Author: Pellet, J.; Tafforeau, L.; Lucas-Hourani, M.; Navratil, V.; Meyniel, L.; Achaz, G.; Guironnet-Paquet, A.; Aublin-Gex, A.; Caignard, G.; Cassonnet, P.; Chaboud, A.; Chantier, T.; Deloire, A.; Demeret, C.; Le Breton, M.; Neveu, G.; Jacotot, L.; Vaglio, P.; Delmotte, S.; Gautier, C.; Combet, C.; Deleage, G.; Favre, M.; Tangy, F.; Jacob, Y.; Andre, P.; Lotteau, V.; Rabourdin-Combe, C.; Vidalain, P. O.
Title: ViralORFeome: an integrated database to generate a versatile collection of viral ORFs Document date: 2009_12_8
ID: sbnnh2mm_1
Snippet: The number of viral genomic sequences available in public databases has increased exponentially, opening new perspectives to understand genetic basis and functional mechanisms that underlie virus replication, pathogenesis and evolution. In particular, this enabled to establish for each virus a list of potential regulatory and expressed sequences, a framework often referred as the 'parts list' of biological systems (1) . Current investigations aim.....
Document: The number of viral genomic sequences available in public databases has increased exponentially, opening new perspectives to understand genetic basis and functional mechanisms that underlie virus replication, pathogenesis and evolution.

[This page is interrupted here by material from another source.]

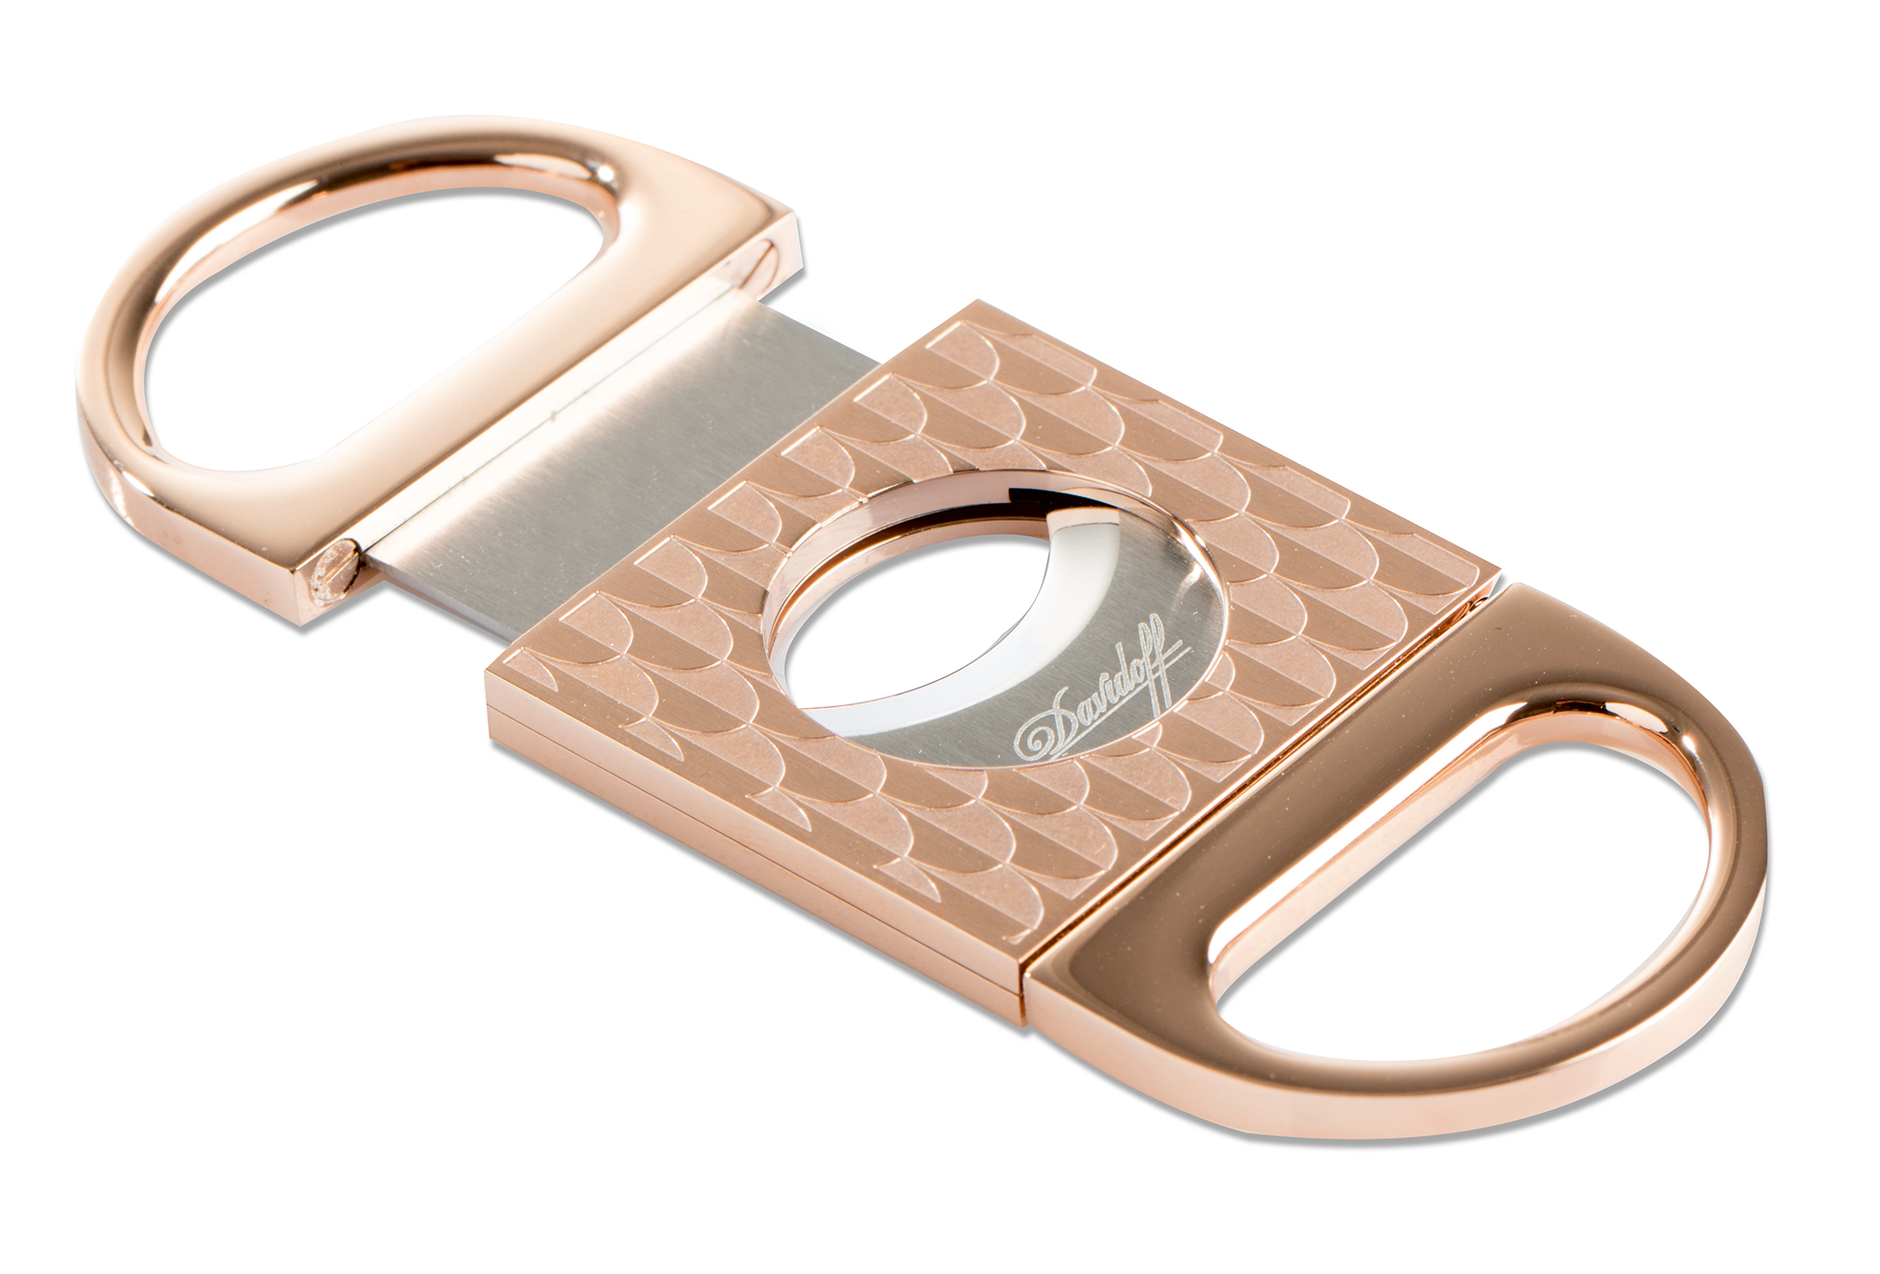 davidoff-year-of-the-rooster-double-blade-cutter-rose-gold-003

In particular, this enabled to establish for each virus a list of potential regulatory and expressed sequences, a framework often referred as the 'parts list' of biological systems (1) . Current investigations aim at understanding how these viral components act upon each other and interact with host macromolecules to carry on viral replication and spreading. To reach such a system view of virus cycles, more functional analyses of viral components are necessary, especially in the field of virus-host molecular interactions (2, 3) . To address this question, a large collection of viral open reading frames (ORFs) established in a recombination-based cloning system allowing their mass transfer into various functional assays would be extremely helpful. Such ORF collections, often referred as 'ORFeomes', have been developed for human and few other organisms and represent great resources to explore protein functions in a large-scale setting (4) (5) (6) (7) (8) (9) . Recombination-based cloning technologies like the Gateway Õ system enable the mass cloning of polymerase chain reaction (PCR)-amplified ORFs into a 'donor' vector to create 'entry' clones. Once entry clones have been established, ORFs can be easily recombined into different 'destination' vectors that allow protein expression. So far, only few viral ORFeomes have been built and they are dedicated to a single virus, arguing that much more needs to be achieved (10) (11) (12) (13) .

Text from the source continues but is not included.